Indie's head is much smaller than it appears, so I've run into "Well crap what's going to fit?"hold up at the tack store before :lol: And if you're like me, t doesn't matter if I have written measurements with me... I just don't believe its small enough to fit her until I see visible proof.


----------



## Wallaby (Jul 13, 2008)

I'm pretty sure yearling is one size smaller than cob, etc, etc. 
My girl Lacey wears a cob sized halter. One time I tried getting her a yearling halter because I liked the color and it was just the tiniest bit too snug.
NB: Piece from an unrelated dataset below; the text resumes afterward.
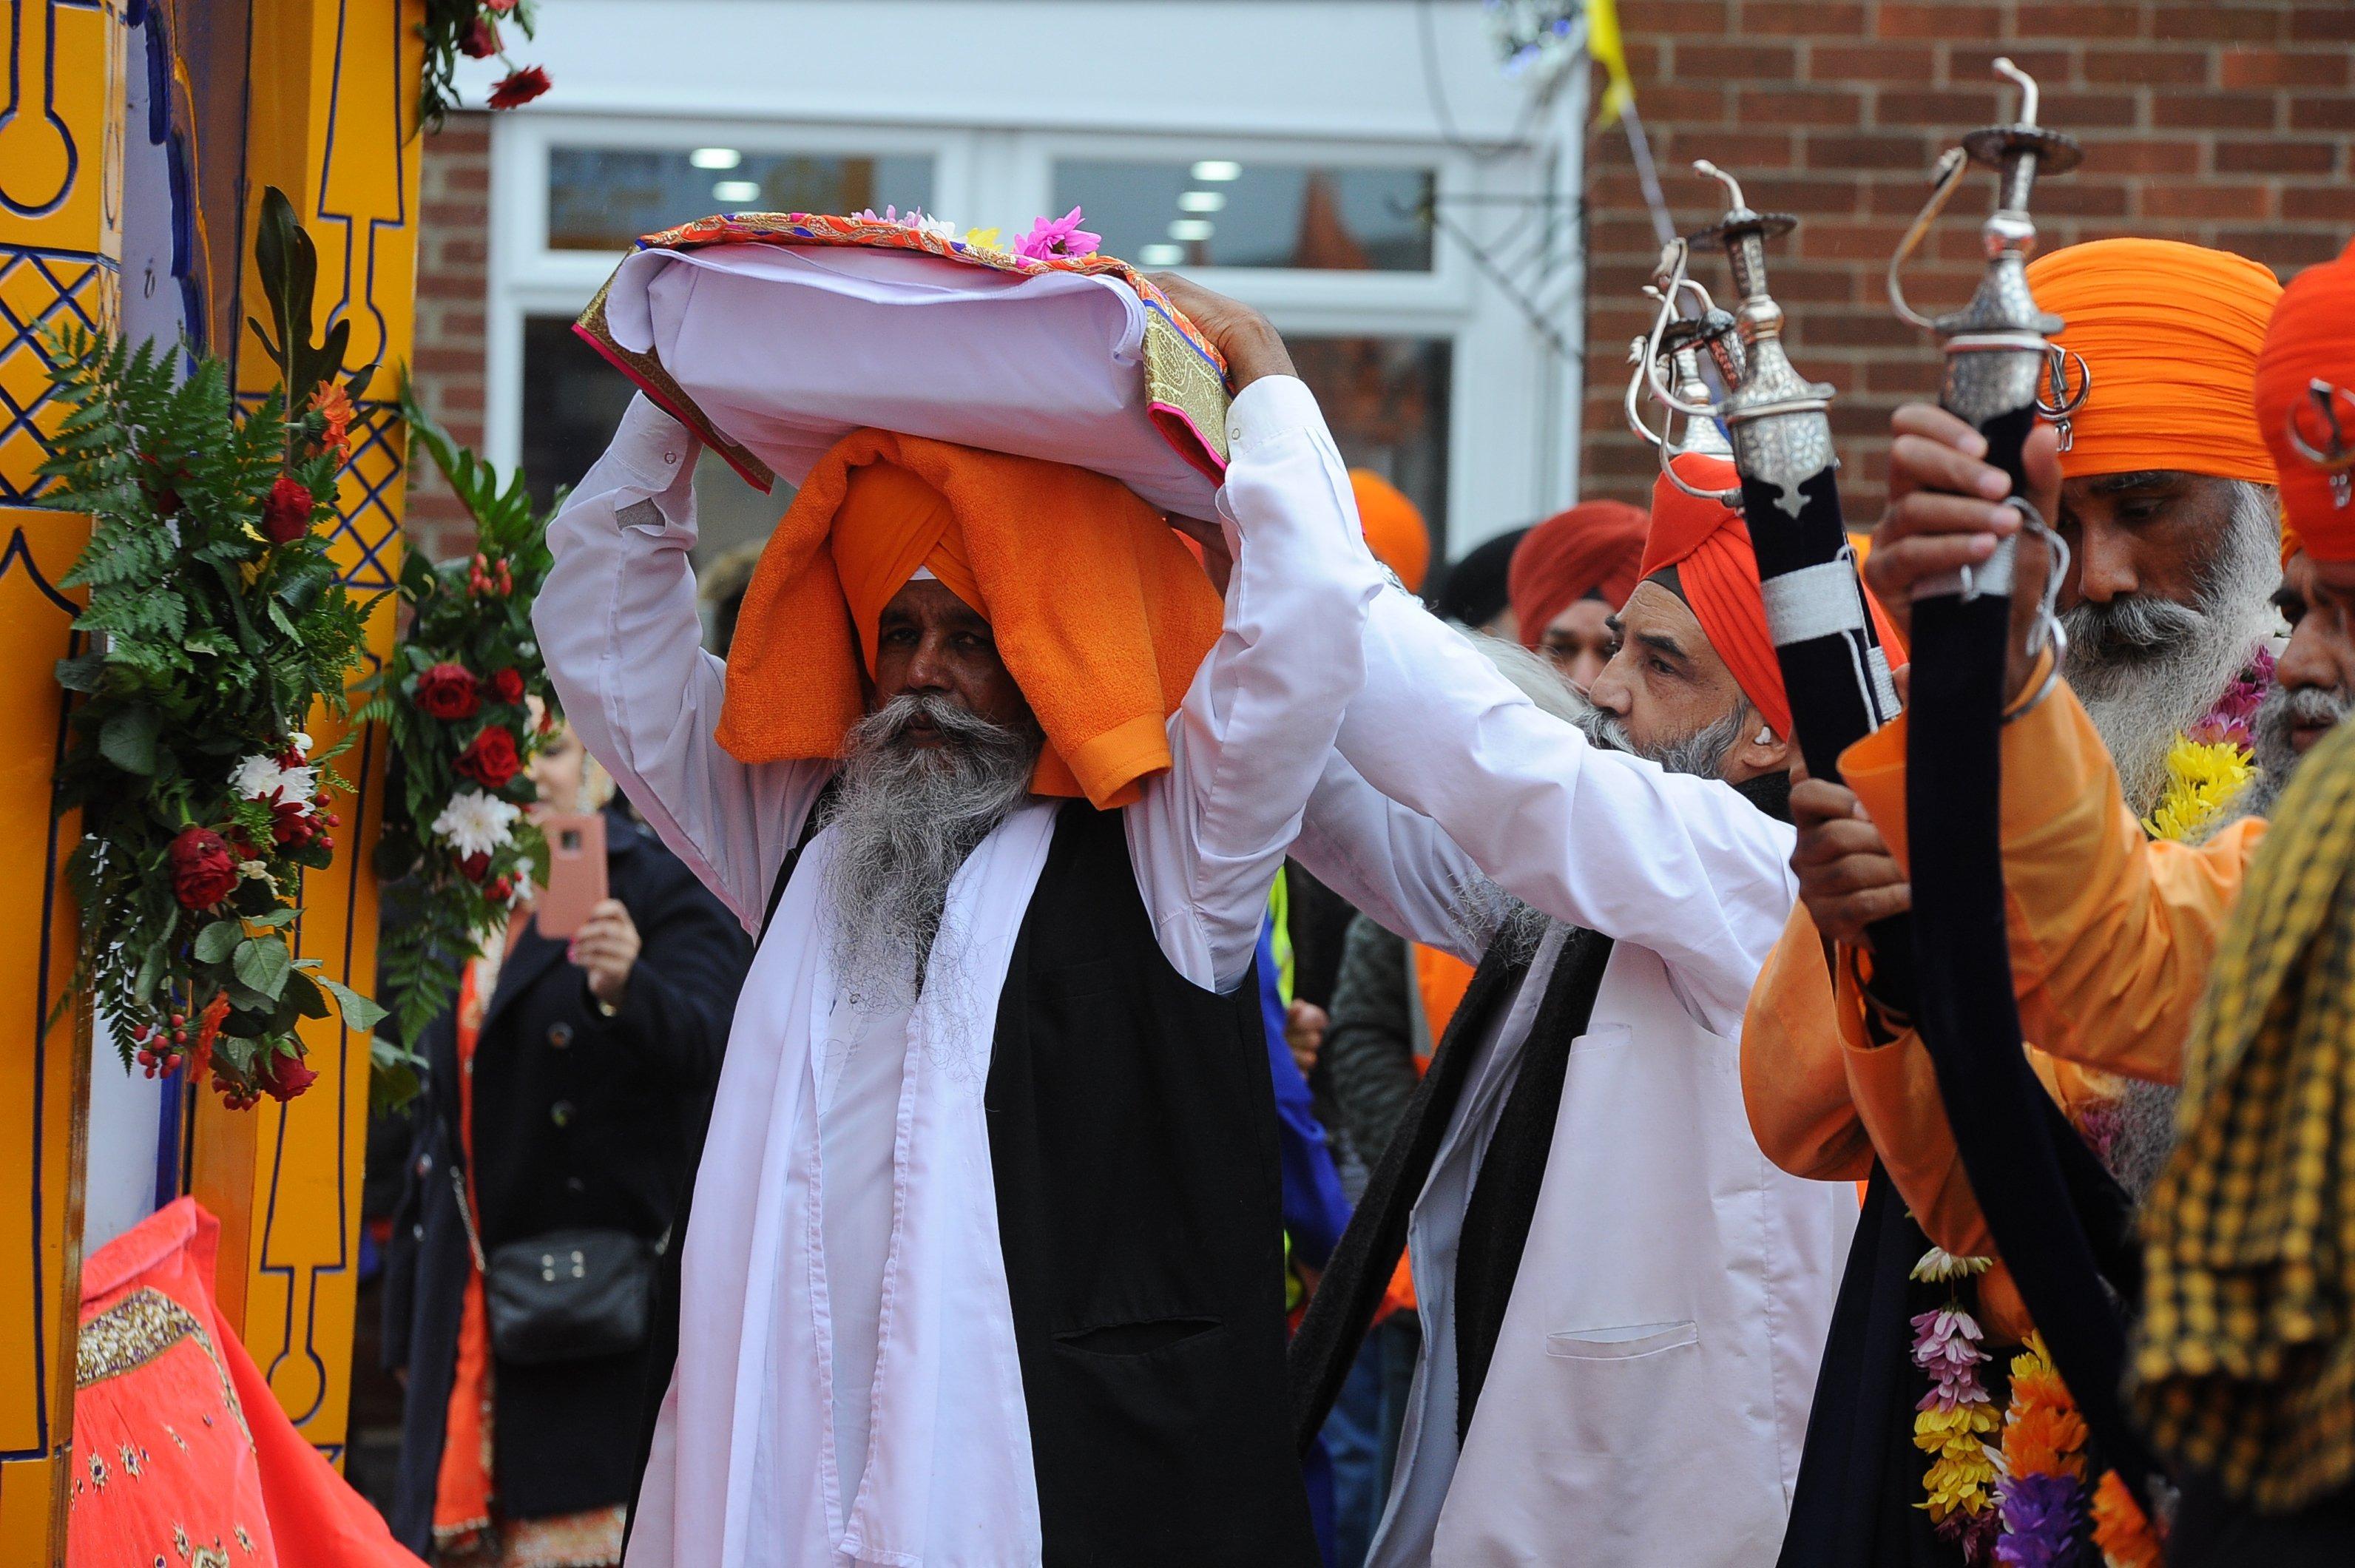 Peterborough Sikh Parade 2019 from the Gurdwara Baba Budha Sahib Temple at Royce Road to Sri Guru Singh Gurdwara Temple at Newark Road EMN-190211-213442009

Lacey is 14.1 but she's not a dainty 14.1 - I think she goes out of her way to be the chunkiest 14.1 out there. :lol:
If your guy is about 14hh, if I had to guess, I'd bet he would fit a yearling halter just fine.


----------



## DoubleS (Jun 11, 2012)

Ok thanks everybody! I am ordering a new show halter online, so I'm just going to go for it, and if it doesn't fit, I'll return it (or punch a new hole in it :lol


----------



## Cowgirls Boots (Apr 6, 2011)

I have the exact same prOblem. My mates head is teensy and I bought a yearling sized halter and it fit perfect.
_Posted via Mobile Device_


----------



## DoubleS (Jun 11, 2012)

Well, after lots of thinking, I decieded to get a 'Cob' sized halter. 
For some reason Yearling seemed too small, because he does fit in some averaged sized horse halters, but he has some 'wiggle room' in them. 
Average just struck me as too big, especially since I am going to be showing him in it!... so I just went with what was in the middle: Cob.
I hope I made the right decision!! It wasn't a cheap show halter. :shock::lol:


----------



## Speed Racer (Oct 21, 2009)

I've always bought cob size for my Arabians. Never had a bit of trouble fitting them. The Arab halters were either too big or too small, depending on the horse. Bought cob size bridles, too.


----------